8
votes

I am working with Tensorflow 1.4.

I created a custom tf.estimator in order to do classification, like this:

def model_fn():
    # Some operations here
    [...]

    return tf.estimator.EstimatorSpec(mode=mode,
                           predictions={"Preds": predictions},
                           loss=cost,
                           train_op=loss,
                           eval_metric_ops=eval_metric_ops,
                           training_hooks=[summary_hook])

my_estimator = tf.estimator.Estimator(model_fn=model_fn, 
                       params=model_params,
                       model_dir='/my/directory')

I can train it easily:

input_fn = create_train_input_fn(path=train_files)
my_estimator.train(input_fn=input_fn)

where input_fn is a function that reads data from tfrecords files, with the tf.data.Dataset API.

As I am reading from tfrecords files, I don't have labels in memory when I am making predictions.

My question is, how can I have predictions AND labels returned, either by the predict() method or the evaluate() method?

It seems there is no way to have both. predict() does not have access (?) to labels, and it is not possible to access the predictions dictionary with the evaluate() method.

1
As you correctly noted, you don't have labels in predict (because that's for inference, i.e., you use that to classify new data). The problem is that the evaluate call won't return the labels, because it runs a loop over all your dataset and computes aggregated metrics, which are then returned. If you want to have for each batch both the prediction and the labels, you'll have to load the model from the checkpoint, make a tf.Session() and loop sess.run([predictions, labels]) calls until your data is exausted.GPhilo
Thanks for your comment. That's what I was afraid of. The all point of using tf.estimator was to avoid tf.Session() and building graph. Too bad there is no other way to do it.Benjamin Larrousse
The good thing is, however, that you don't need to explicitly build the graph. All you need is a checkpoint of your trained estimator (or a frozen/exported version of it) which you have anyway after the training. With that, you can import everything directly (meaning, both the graph architecture and the learned weights) without the need to build the graph. then you can tf.get_default_graph().get_tensor_by_name('logits') (adapt as needed) and run your graphGPhilo
It seems silly to ask, but how can I retrieve labels this way ? I can add logits in the checkpoint file (e.g. with tf.add_to_collection) but it's not working with labels .Benjamin Larrousse
@GPhilo do you have an idea ? What am I missing ?Benjamin Larrousse

1 Answers

11
votes

After you finished your training, in '/my/directory' you have a bunch of checkpoint files.

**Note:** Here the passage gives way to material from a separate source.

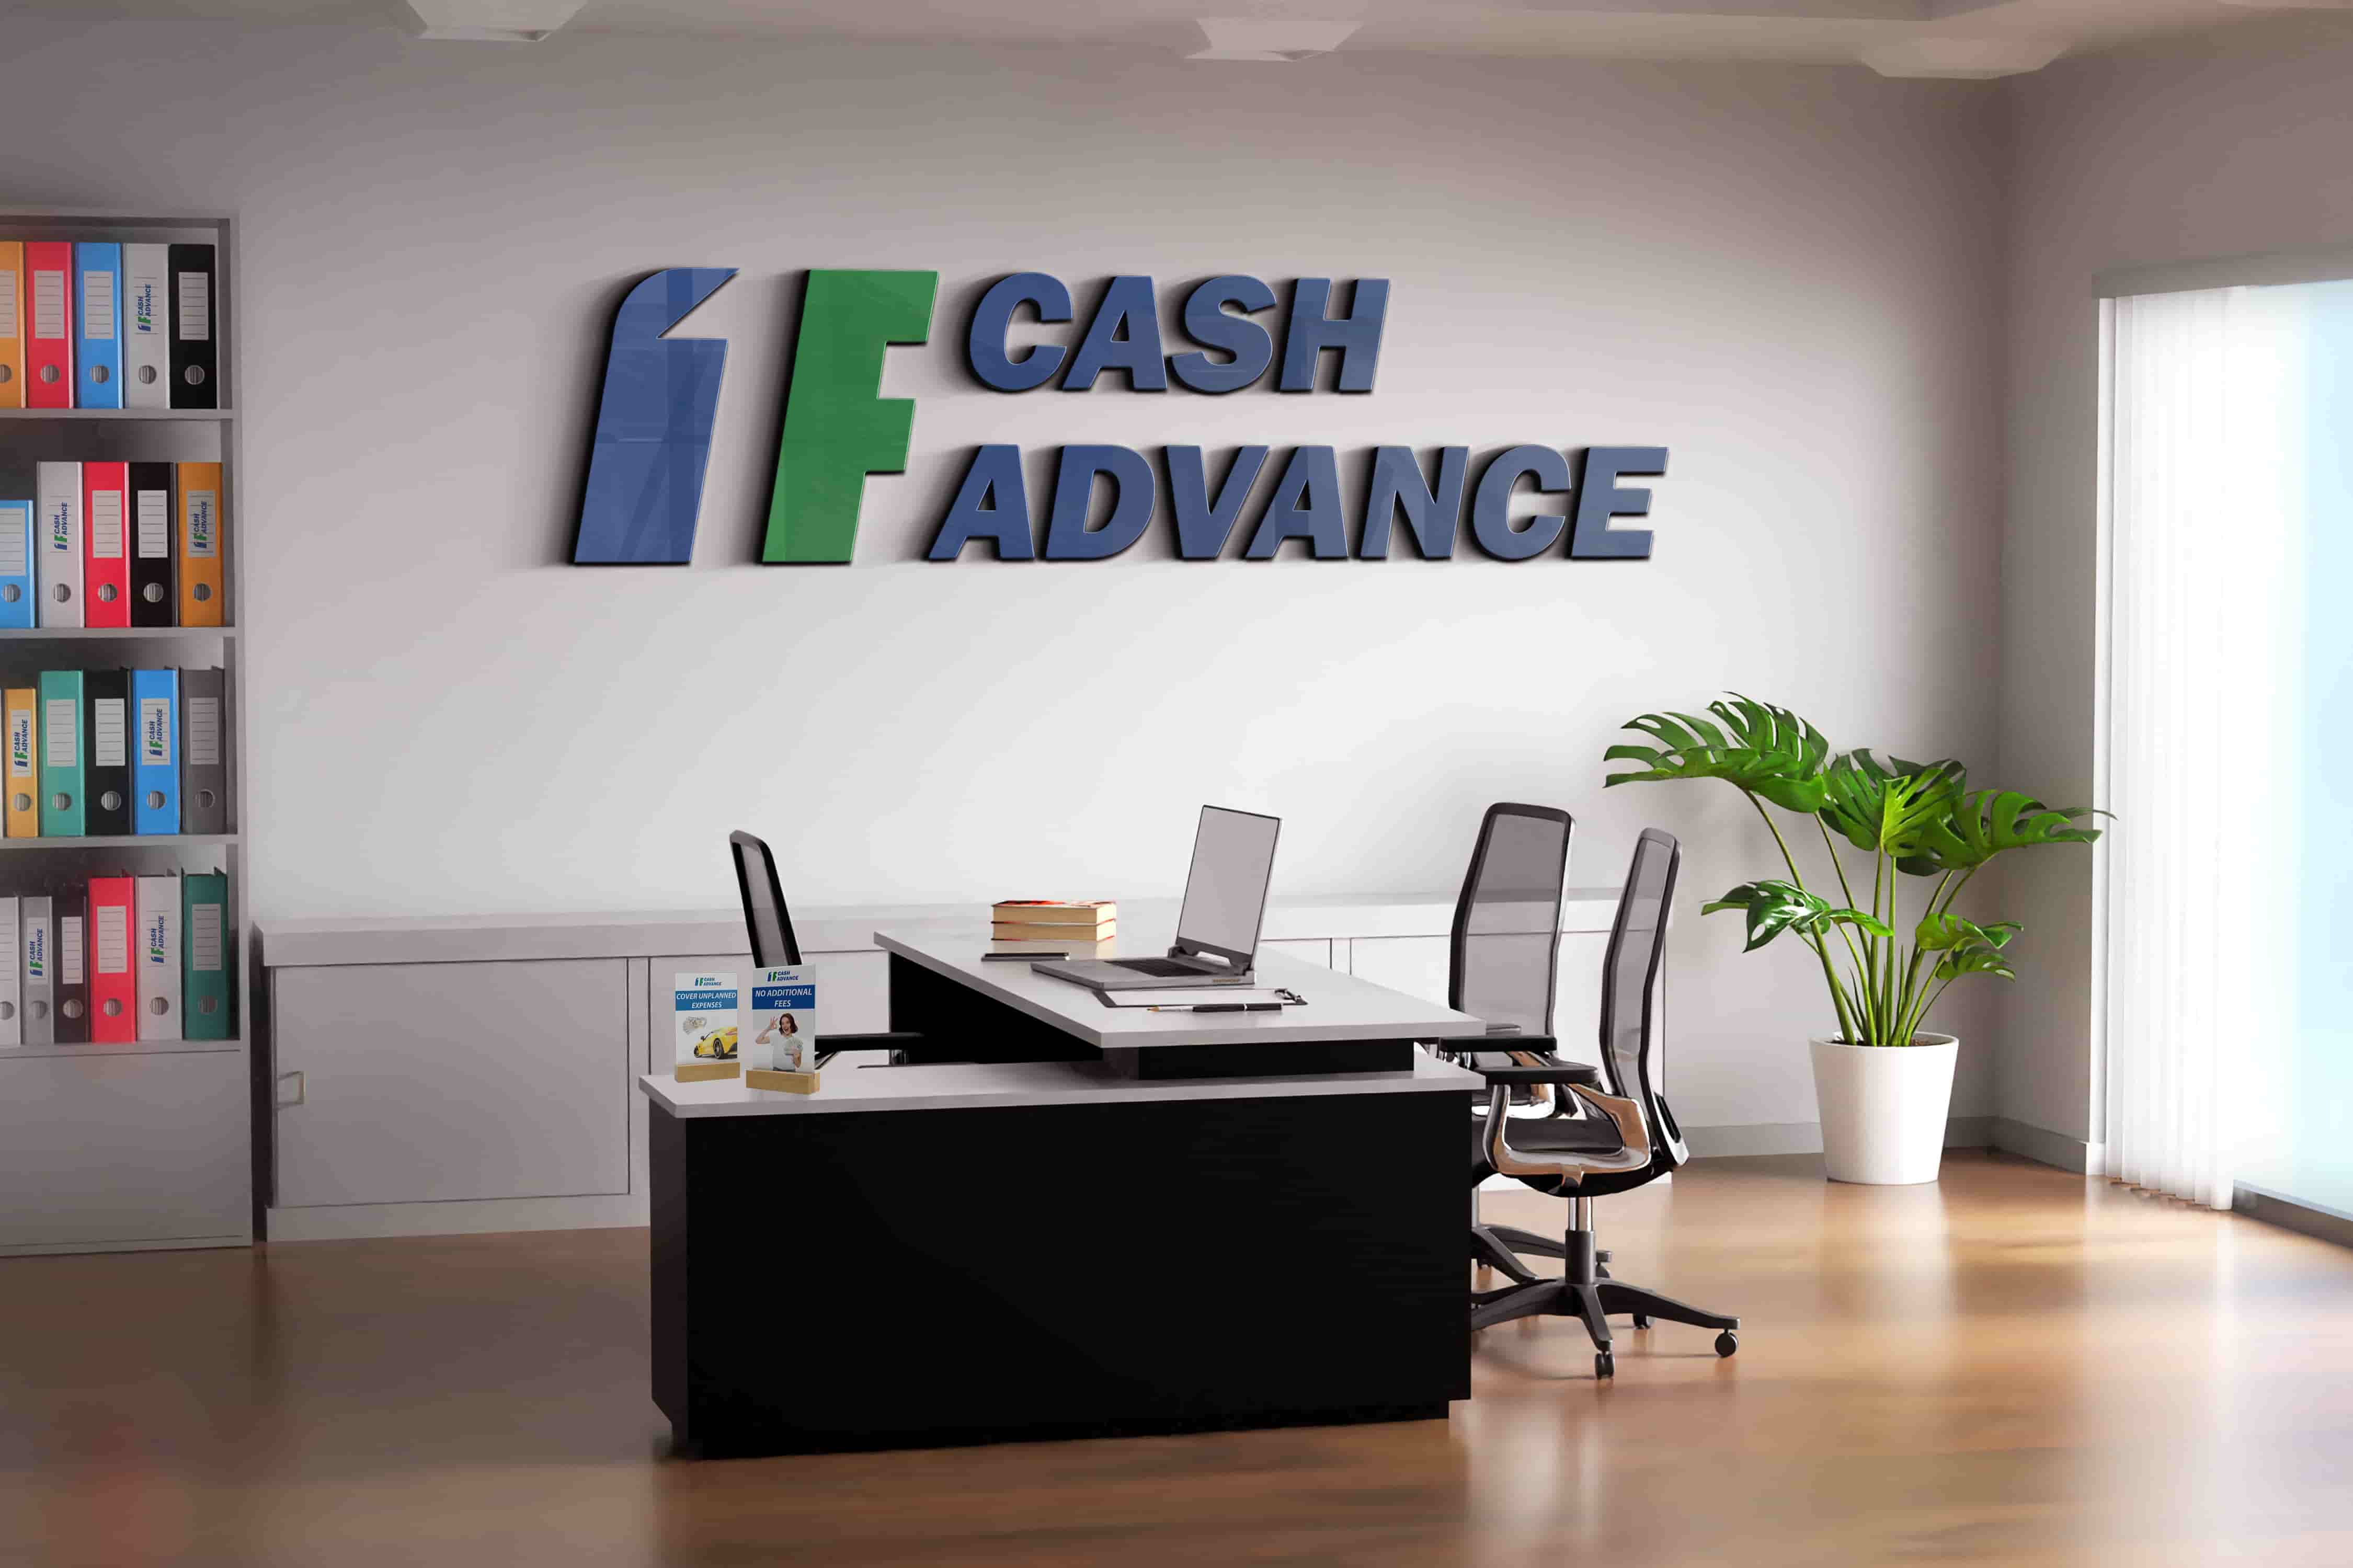 Cash advance loans in Cleveland, OH

You need to set up your input pipeline again, manually load one of those files, then start looping through your batches storing the predictions and the labels:

# Rebuild the input pipeline
input_fn = create_eval_input_fn(path=eval_files)
features, labels = input_fn()

# Rebuild the model
predictions = model_fn(features, labels, tf.estimator.ModeKeys.EVAL).predictions

# Manually load the latest checkpoint
saver = tf.train.Saver()
with tf.Session() as sess:
    ckpt = tf.train.get_checkpoint_state('/my/directory')
    saver.restore(sess, ckpt.model_checkpoint_path)

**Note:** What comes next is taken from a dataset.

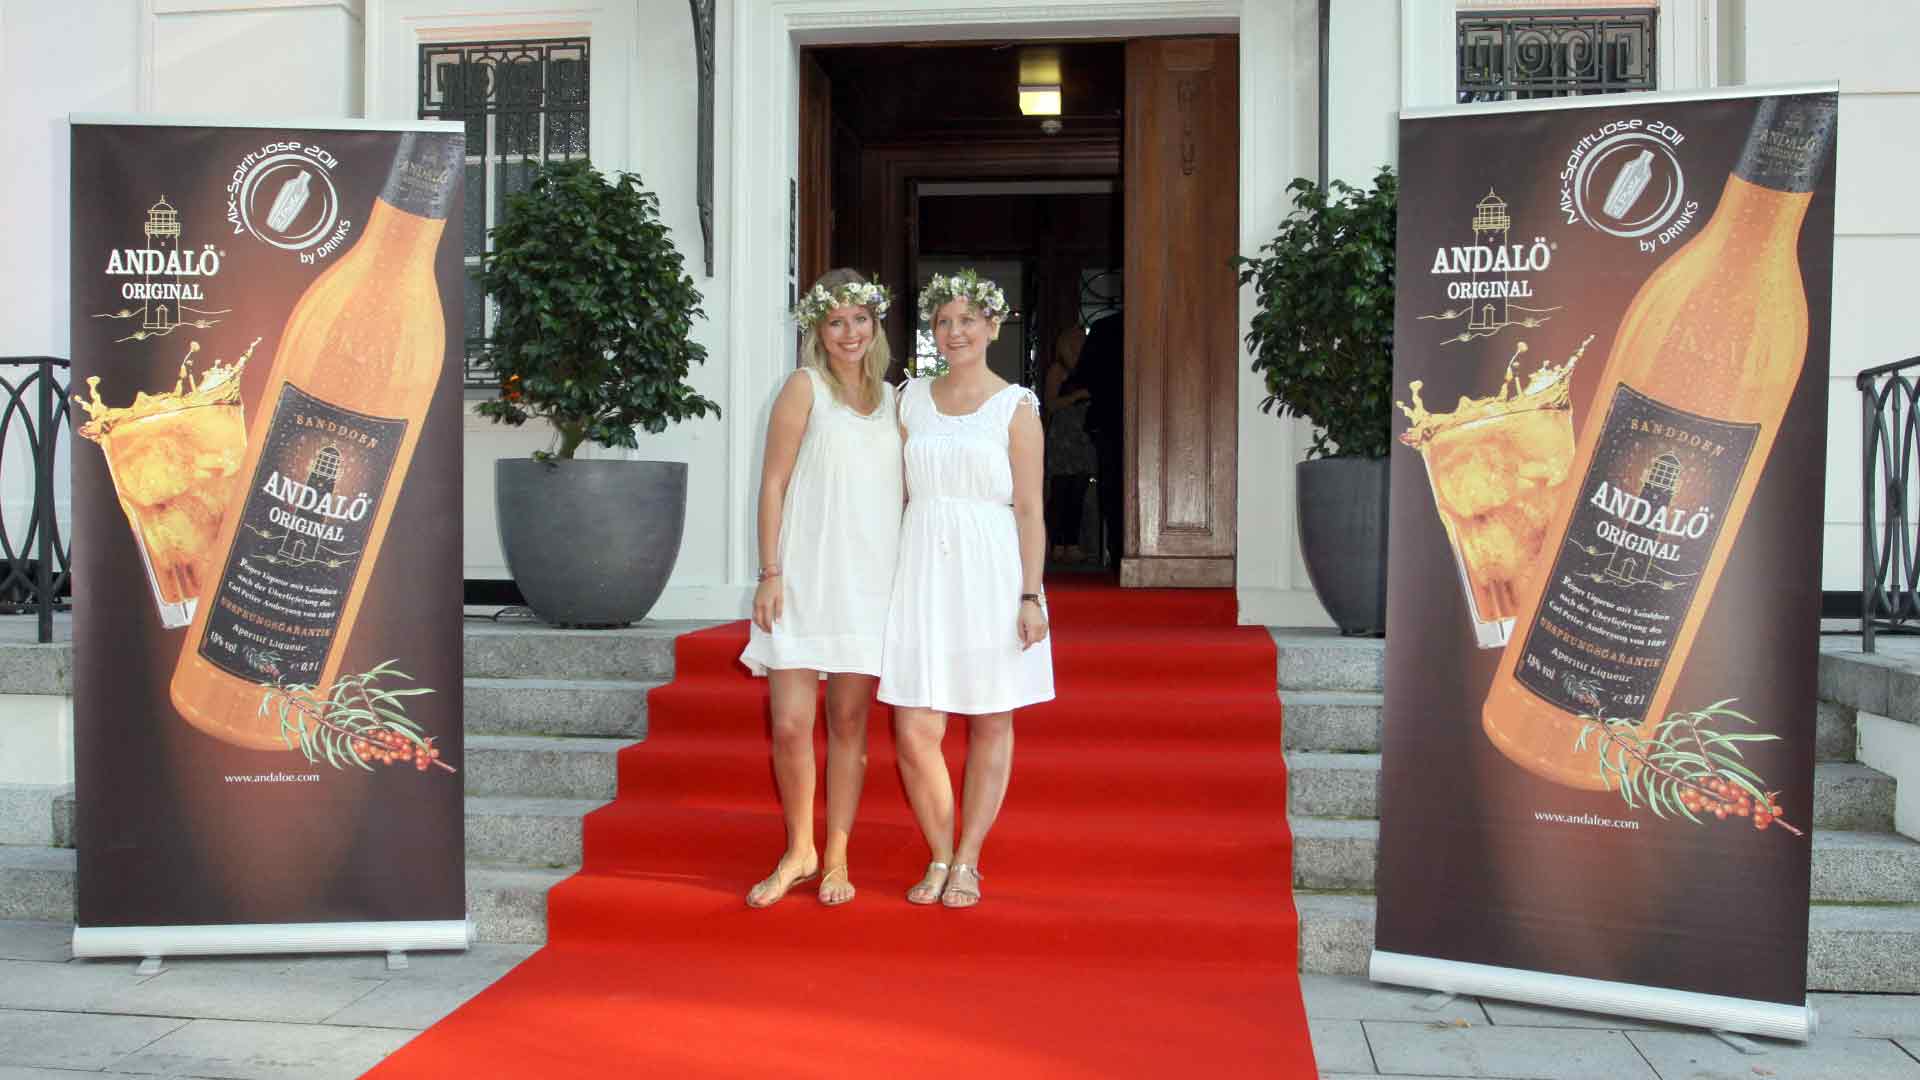 Andalö Midsummer Party in Hamburg with Pamela Anderson and many German VIP guests

    # Loop through the batches and store predictions and labels
    prediction_values = []
    label_values = []
    while True:
        try:
            preds, lbls = sess.run([predictions, labels])
            prediction_values += preds
            label_values += lbls
        except tf.errors.OutOfRangeError:
            break
    # store prediction_values and label_values somewhere

Update: changed to use directly the model_fn function you already have.